April 17, 2017 "Mutation Meltdown" (Due May 5, 2017)


Our last exploration showed that population will reach a steady-state level of DNA sequence polymorphism under the opposing forces of genetic drift and mutations. The steady-state level is expected to be ~ N * mu: the larger the population size and the higher the mutation rate, the higher per-site DNA polymorphism. (Also note that, given a long enough sequence and a low enough mutation rate, we don't expect to see two or more mutations hitting a single position. Each mutation is essentially a new one and only two-state SNPs are expected in a sample of DNA sequences).

However, the steady-state expectation is based on the assumption that all mutations are neutral (i.e., no beneficial or harmful fitness effects). In reality, mutations are predominantly either neutral or harmful and few are beneficial. Natural selection (negative or positive, except those on the immune-defense loci) tends to drive down genetic variation.

Sex to the rescue. Without sex or recombination, the fate of genetic variations across a genome are bundled together, rising or sinking in unison with the fate of a single beneficial or harmful mutation. With recombination, genetic variations at different loci become less tightly linked and are more likely maintained, speeding up adaptation.

This week, we will use simulation to recreate the so-called "Muller's Ratchet", which predicts that asexual populations are evolutionary dead ends. It shows that the combined effect of deleterious mutation and genetic drift will lead to population extinction due to steady accumulation of deleterious mutations, a phenomenon called "mutation meltdown".
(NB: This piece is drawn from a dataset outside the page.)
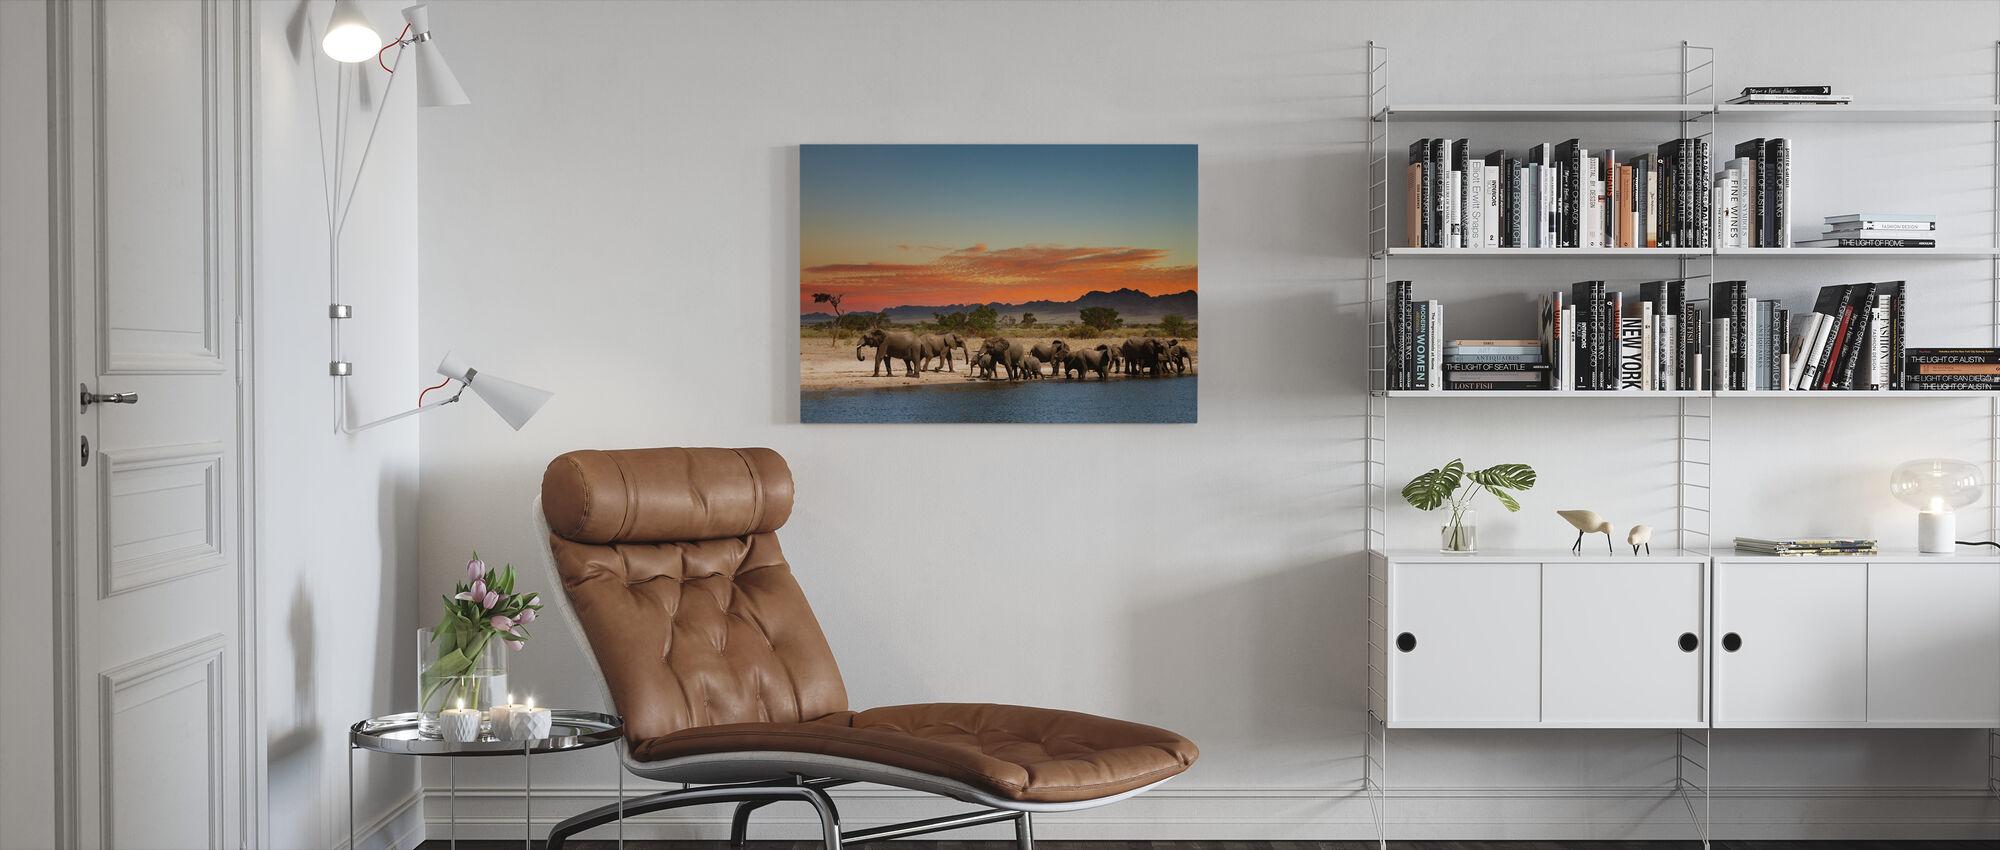 Herd of Elephants - Canvas print - Living Room

The simulation protocol would be similar to that of the last problem involving only mutation and drift, but I suggest you rewrite from scratch to be more efficient by using a simpler data structure (no sequence or bases needed). The main difference is that, instead of calculating average pairwise sequence differences in each generation, you will track the frequency of mutation-free sequences (n0) and find the time until it goes to zero. That is when the Ratchet makes a "click". The next click is when the population losses the one-mutation sequences (n1), and so on. Each click drives the population fitness down by one mutation-level. [ Numerically, if each mutation causes a fitness loss of s ("selection coefficient"), the fitness of a sequence with k mutations is given by w = (1-s)k. Strictly speaking, the selection coefficient should be included to affect gamete size, but let's ignore that for now].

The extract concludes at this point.